Иногда мы ездили в Росток к тете Анни, а оттуда — в Варнемюнде, купаться в море. Там был такой же, как в Арендзее, белоснежный песок, те же пляжные корзины с пестрополосыми навесами. Не было только сосен. Вместо этого было гораздо больше особняков, гостиниц, пансионатов, широкая набережная. Излюбленным местом прогулок был мол с маяком, иногда мы ездили оттуда на небольшие пароходные прогулки. Мне нравился уже сам путь от вокзала к морю: мост через один из протоков Варнов, мачтовый лес рыбацких лодок — именно в этом месте доносился прекрасный запах морской тины. Потом тенистые улицы с магазинами, нарядные загорелые люди, и уже в конце — залитая солнцем набережная.
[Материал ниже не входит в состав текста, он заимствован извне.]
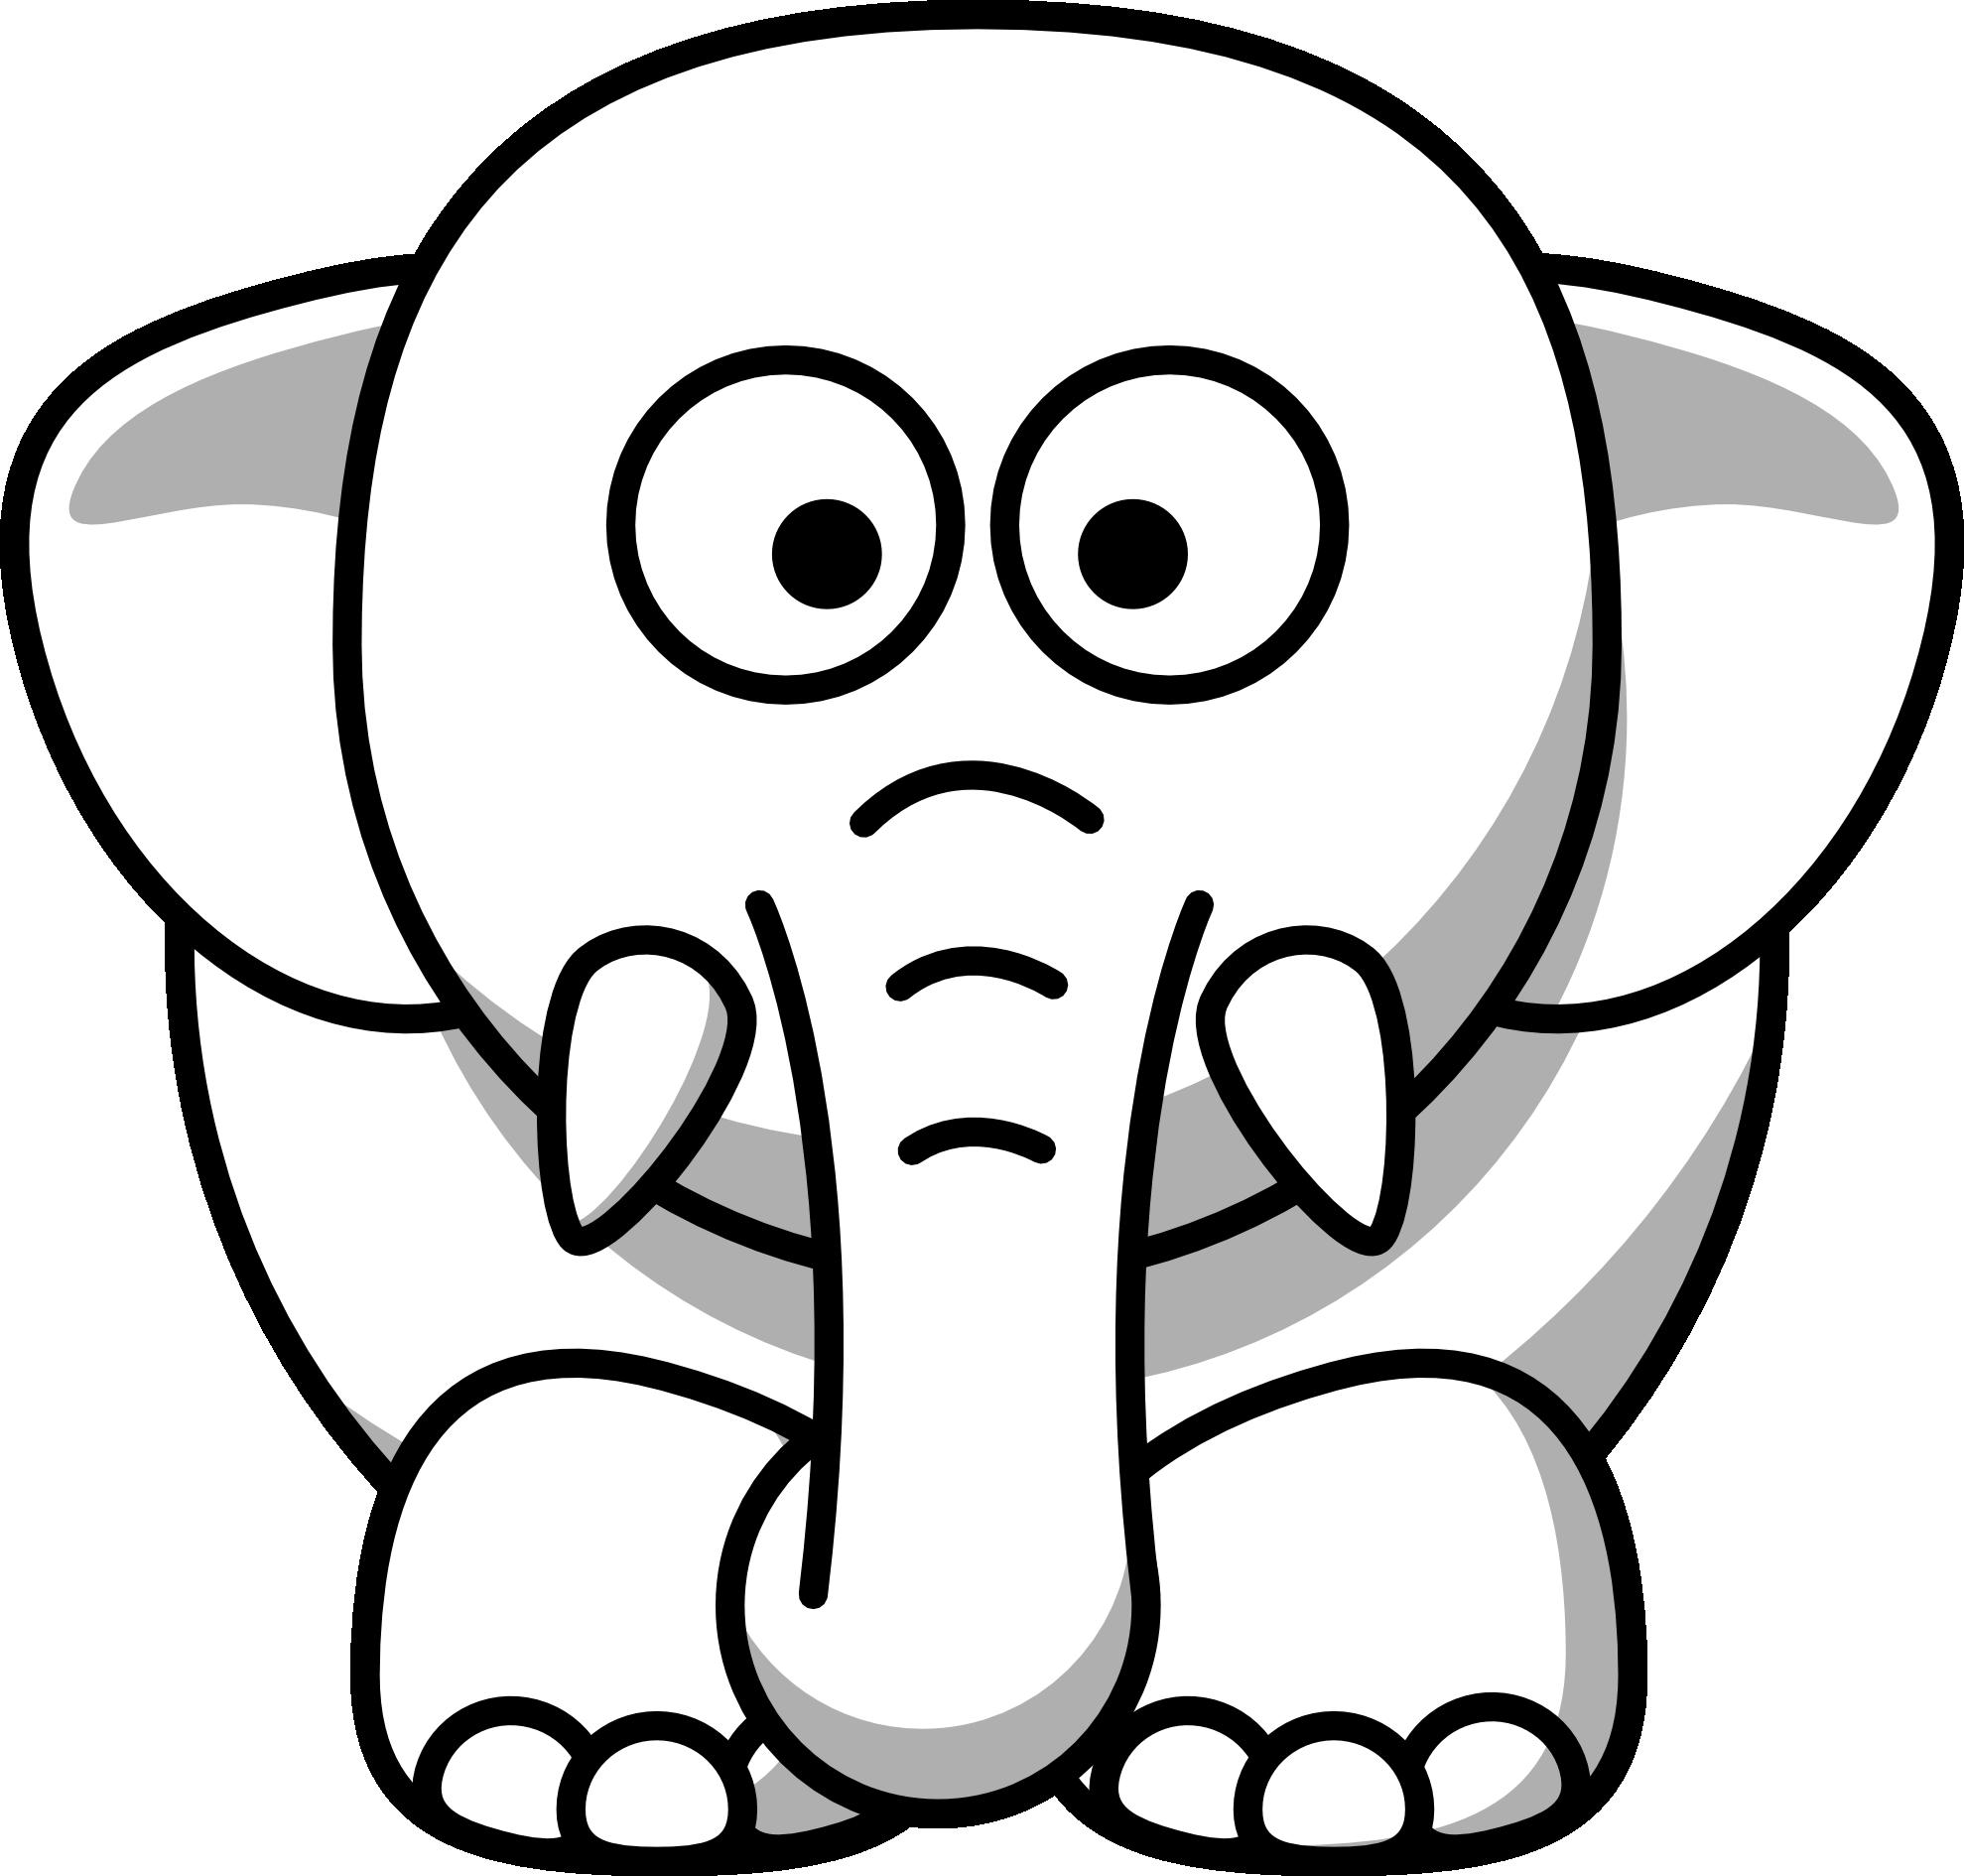 Elephant Clip Art Birthday | Clipart Lib-Elephant Clip Art Birthday | Clipart library - Free Clipart Images-7

Иногда мы ездили просто в Росток. Тетя Анни снимала там комнатку, такую тесную, что в ней негде было повернуться. И мы целый день гуляли по берегу широкой Варнов, где рыбаки всегда продавали вкуснейшую свежую камбалу, ходили к другой бабушкиной сестре, тете Греве, которая жила высоко над крышами в мансарде и у которой в комоде было огромное множество красивых старинных открыток. У ее дочери Марты Рат были две девочки — некрасивая длинноносая, с толстыми косами Урзель и веселая озорная Ингрид. Но этих девочек я видела только мельком. В Ростоке был прекрасный ухоженный парк с прудами и беседками. Однажды я устроила там грандиозный скандал из-за камыша. Два часа я ревела в голос, чтобы родители сорвали мне хоть один рогоз. Мне говорили: он специально посажен в пруду для красоты, и вообще, ходить по газонам и что-то рвать строго воспрещается; если папа и не утонет в пруду, то уж наверняка придет полиция и надо будет заплатить большой штраф. «Ну и что же, — орала я, — вас же не убьют и не арестуют, что у вас, денег, что ли, нет? Заплатите этот штраф и сорвите мне камыш». Папа даже сфотографировал, как я реву по поводу этого камыша: я была безутешна. В этом же парке потом была выставка георгинов, и мы ходили смотреть цветы. Море цветов всех оттенков, вдали — освещенное кафе, где кто-то поет с ансамблем сладкие неаполитанские песни, по темным дорожкам медленно прохаживаются люди, чаще парами, любуются цветами и говорят шепотом, как в музее. Меня охватили мечты я не знала о чем… Я прижималась щекой к папиной руке.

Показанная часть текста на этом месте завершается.